IndexUniverse, which is a free service, published a note this week on the very large inflow into ETFs in November. In this case, the money was directed at U.S. equities, which saw inflows of more than $6 billion.
Flows of course are pretty good indicators of where prices are going to go: If people are aggressive buyers, any price can be supported for a time. However, the proviso is that when flows too reach extremes, they can be a give-up indicator.
The theory behind that measure is that if flows reach extremes, there will simply be less money available in the future to support the current market direction. This works at market lows too when redemptions from funds can reach extremes. Again, flows aren't precise indicators, but they do give us factor No. 2 in building a case that the macro environment may be getting a little heady.
Then we have the technical conditions of the markets themselves. I am not a huge fan of "overbought" or "oversold" conditions used in isolation, but they are worth noting in a broader context.
Overbought conditions in a bull market can be bullish, just as oversold in a bear market can be perfectly normal. Right now we are overbought in all time frames, even extending out to a monthly duration.
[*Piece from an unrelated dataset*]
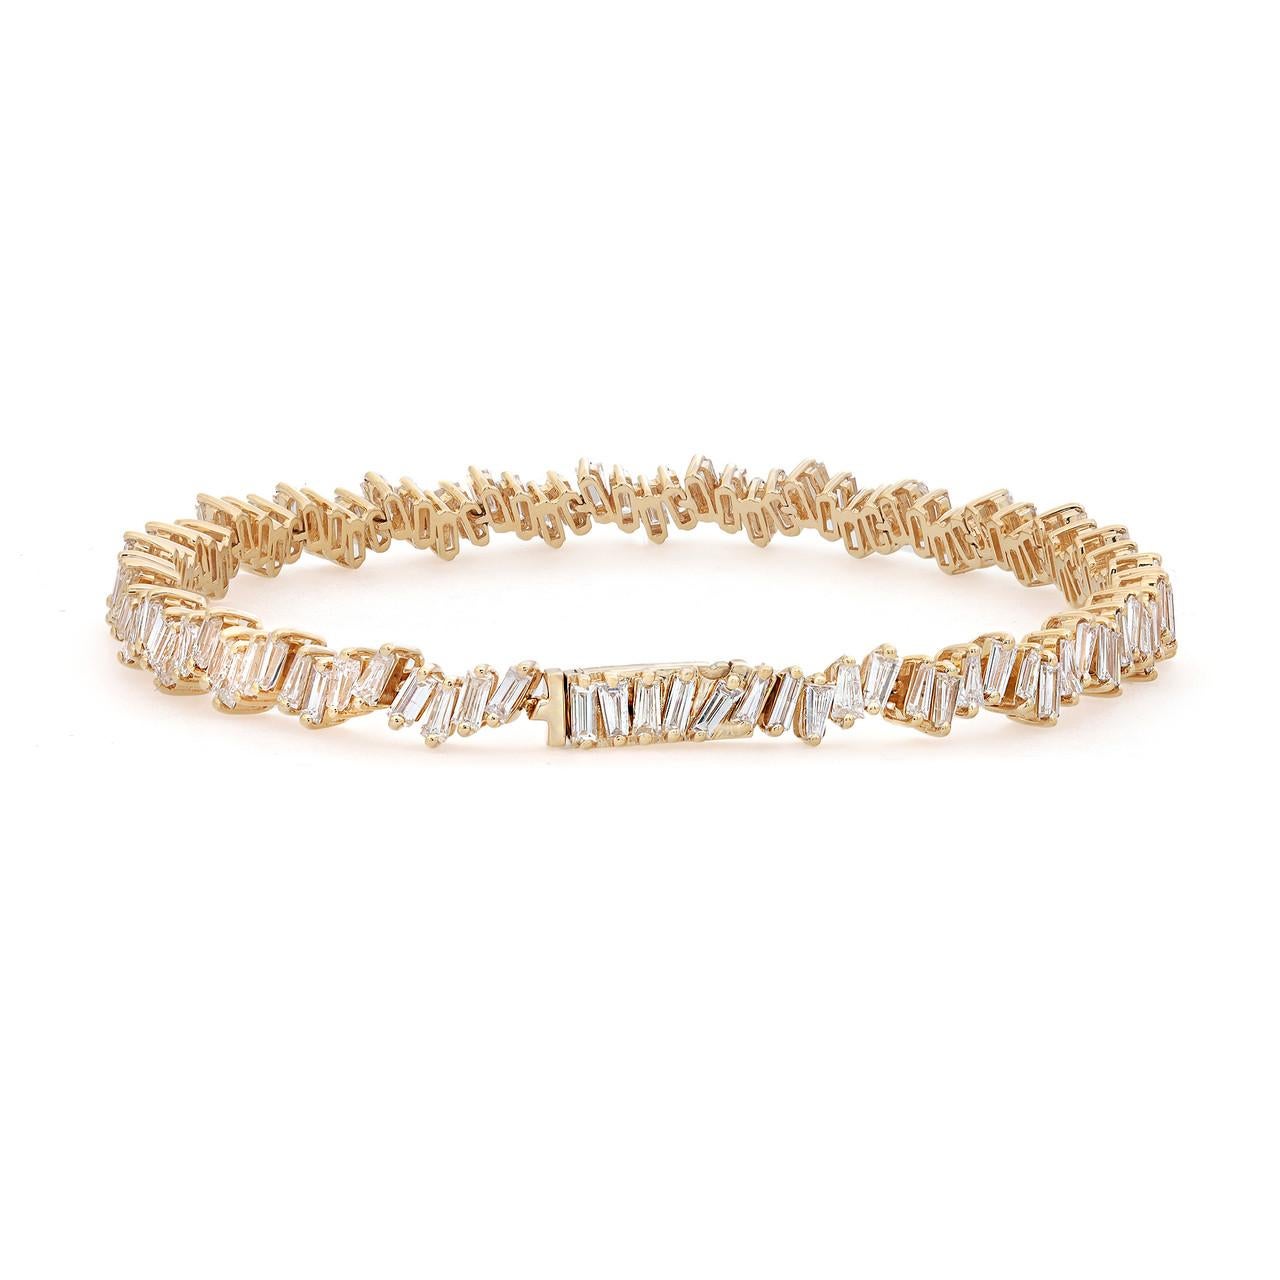 Step into the world of ultimate craftsmanship with the captivating 4.48 Carat Baguette Cut Diamond Tennis Bracelet in 18K Yellow Gold. This bracelet is a true symbol of luxury and beauty. It features a stunning array of carefully chosen baguette cut

That doesn't happen very often, given how long it can take that indicator to move. Again, not a slam dunk and not a worry unless the indicator begins to turn down from those highs, indicating a reversal of momentum and a corrective phase.
The final element is that the Russell 2000, Nasdaq 100, and S&P 500 are all near or slightly above their year-to-date highs. (The five-year chart above shows the 200-week moving average for the SPX in purple.)
Taking into account all the other factors cited in this post, this is at minimum a warning that the current market strength may not be sustainable. It is ironic that it is precisely because conditions seem so good that we may have a problem in the next few weeks.
Extreme conditions can persist for some time. But it may be getting very late for the bulls, who have had it their way since August.